Pac-12 Football: Bad Times in L.A. and the Farm; Good Times in the Desert

UCLA quarterback Dorian Thompson-Robinson (1) was part of a UCLA offense that gained 311 yards compared to the 611 yards gained by Oklahoma.Photo by Gary A. Vasquez - USA TODAY Sports
Jake Curtis

Happy days in the desert; not so much in Los Angeles. And what’s going on at Stanford?

We’ll start in L.A., the traditional stronghold of Pac-12 football

USC lost to BYU, which is not a good look nationally for a Trojans team that was ranked at the time. Not only did the Trojans drop to 2-1 and out of the top 25, but their next three games are against No. 10 Utah, No. 22 Washington and No. 7 Notre Dame, with two of those games being on the road.

Things could get ugly quickly for USC coach Clay Helton, because his future will be determined by an as-yet-unnamed athletic director who will want to put his own stamp on the USC football program.

After lighting it up against Stanford last week, USC true freshman quarterback Kedon Slovis threw three interceptions in first road start this week. It won’t get any easier the next three games.

As bad as things are at USC, they are infinitely worse at UCLA.

Let’s count the ways

---UCLA scored just 14 points for the third straight game, losing to fifth-ranked Oklahoma 48-14.

---Chip Kelly, the coach who is said to have revolutionized football, has a 3-12 record as UCLA’s head coach, and now there are whispers about how long he will last just two years after he signed a five-year, $23.3 million deal.

The Bruins rank 127th of 130 FBS teams in scoring, which is not what was expected from a coach whose Oregon teams ranked first, second and third nationally in scoring in his final three seasons with the Ducks, never averaging fewer than 46 points in that span.

---UCLA has started 0-3 for the second straight season. That has not happened since 1919 through 1921, the first three seasons that UCLA had a football program and a stretch in which the Bruins lost a 1920 game to Whittier 103-0.

---Oklahoma fans appeared to outnumber UCLA fans at the Rose Bowl on Saturday, even though UCLA season-ticket-holders were offered free tickets to the game and even though Norman, Okla., is more than 1,300 miles from Los Angeles.

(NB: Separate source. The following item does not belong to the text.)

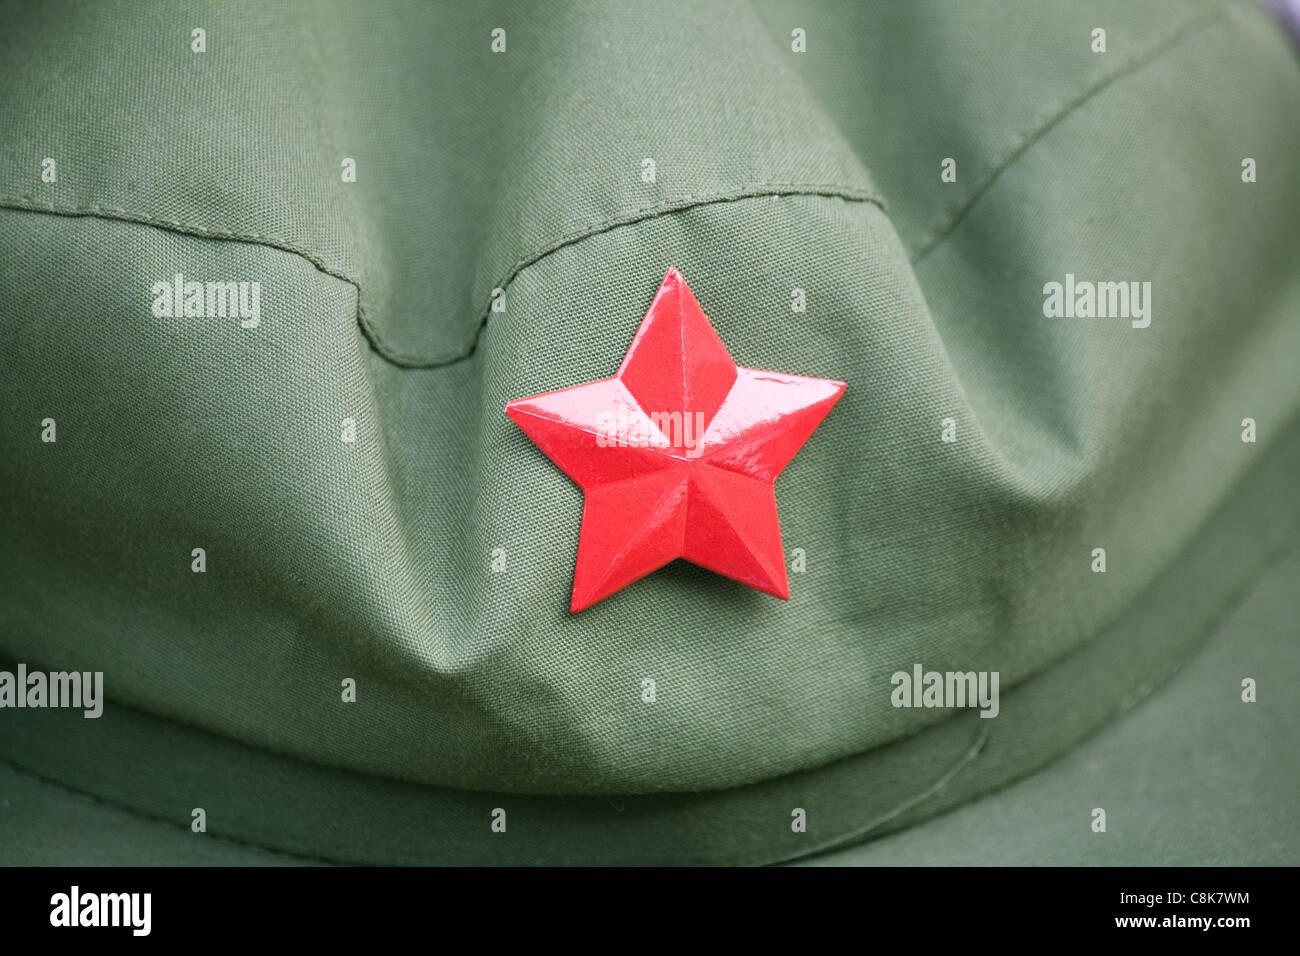 L'armée rouge avec une étoile rouge Photo Stock

UCLA attendance last year in Chip Kelly’s first season was the lowest since 1999, and it looks like it will be worse this year. The crowd of 36,951 for last week’s loss to San Diego State was UCLA’s fourth-smallest at the Rose Bowl since making it its home stadium in 1982.

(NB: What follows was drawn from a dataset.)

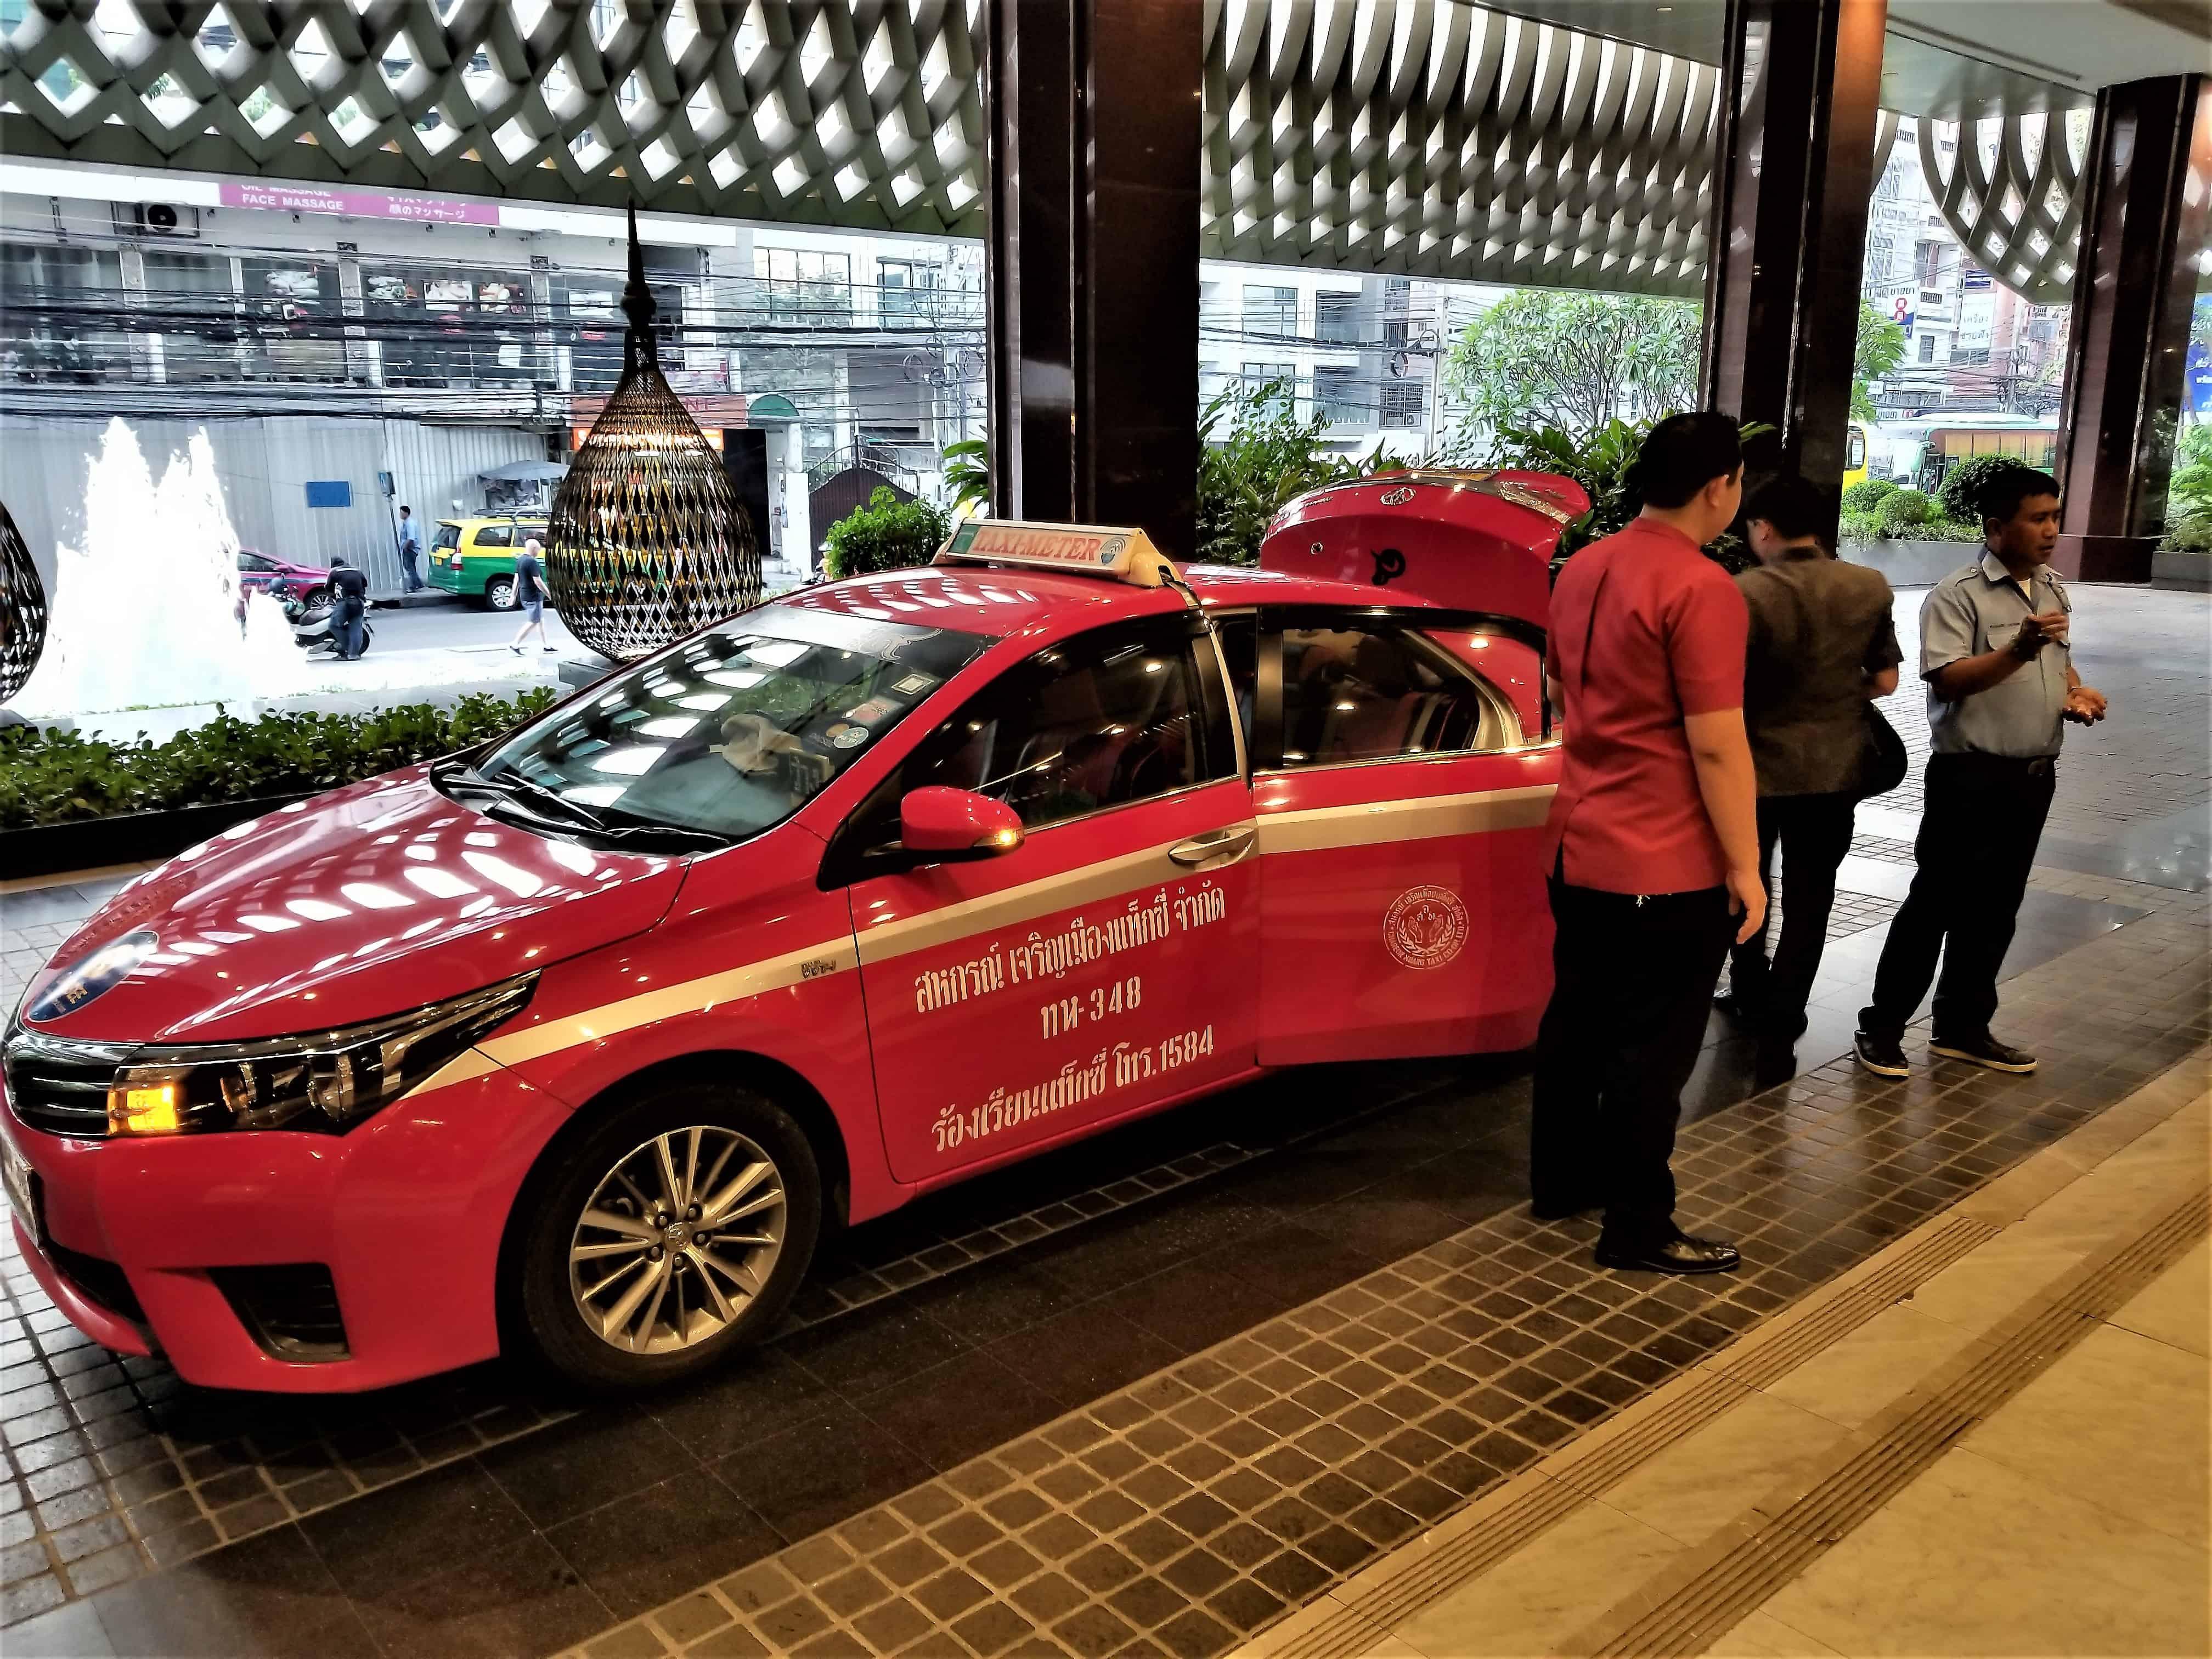 image-of-bangkok-taxi-at-hotel-entrance

---Finally, and worst of all, a shooting took place in the Rose Bowl parking lot several hours after the game that killed an 18-year-old man and wounded a 51-year-old man. About 20-30 gunshots were fired.

And now the Stanford mystery

The Cardinal has been known for consistently strong defensive teams in David Shaw’s time as head coach, but Stanford’s defense has been virtually nonexistent the past two weeks.

For the second week in a row a true freshman quarterback who began the season as a backup trashed Stanford’s defense. Last week it was USC’s Slovis, who completed 28 of 33 passes for 377 yards, three touchdowns and no interceptions in a 45-20 victory over Stanford. And this week it was Central Florida freshman Dillon Gabriel, who went 22-for-30 for 347 yards, four touchdowns and no interceptions in a 45-27 rout of Stanford that was not as close as the score suggests.

Stanford has yielded 45 points or more in consecutive games for the first time since 1918, when Stanford lost to Mare Island 80-0, and followed that with a 70-0 loss to Mather Field during an 0-4 season. It’s a good thing Mare Island and Mather Field are not on the schedule this season.

For the good news, we travel to the desert

Arizona State pulled off a 10-7 win over No. 18 Michigan State, but it took a penalty to do it.

Sun Devils freshman quarterback Jayden Daniel engineered a game-winning touchdown drive in the closing moments, throwing for 52 yards on that possession and running for 27 more, to give ASU a three-point lead with 50 seconds left.

The Spartans then reached the ASU 24-yard line with 11 seconds left, and Matt Coghlin booted a 42-yard field goal to tie the game . . . apparently. But Michigan State had 12 players on the field, and after a five-yard penalty, Coghlin missed a 47-yard field-goal attempt.

ASU moved into the top 25 at No. 24.

Later Saturday night, Arizona quarterback Kahlil Tate did what he did in 2017, but not in 2018 – run the ball effectively. His 84-yard touchdown run was part of a 129-yard rushing game for Tate, who threw two interceptions and lost a fumble but was still on the winning side of a 28-14 win over Texas Tech.

Maybe the Wildcats and their defense are not as bad as they appeared to be in the season-opening 45-38 loss to Hawaii, which churned out 595 yards against Arizona.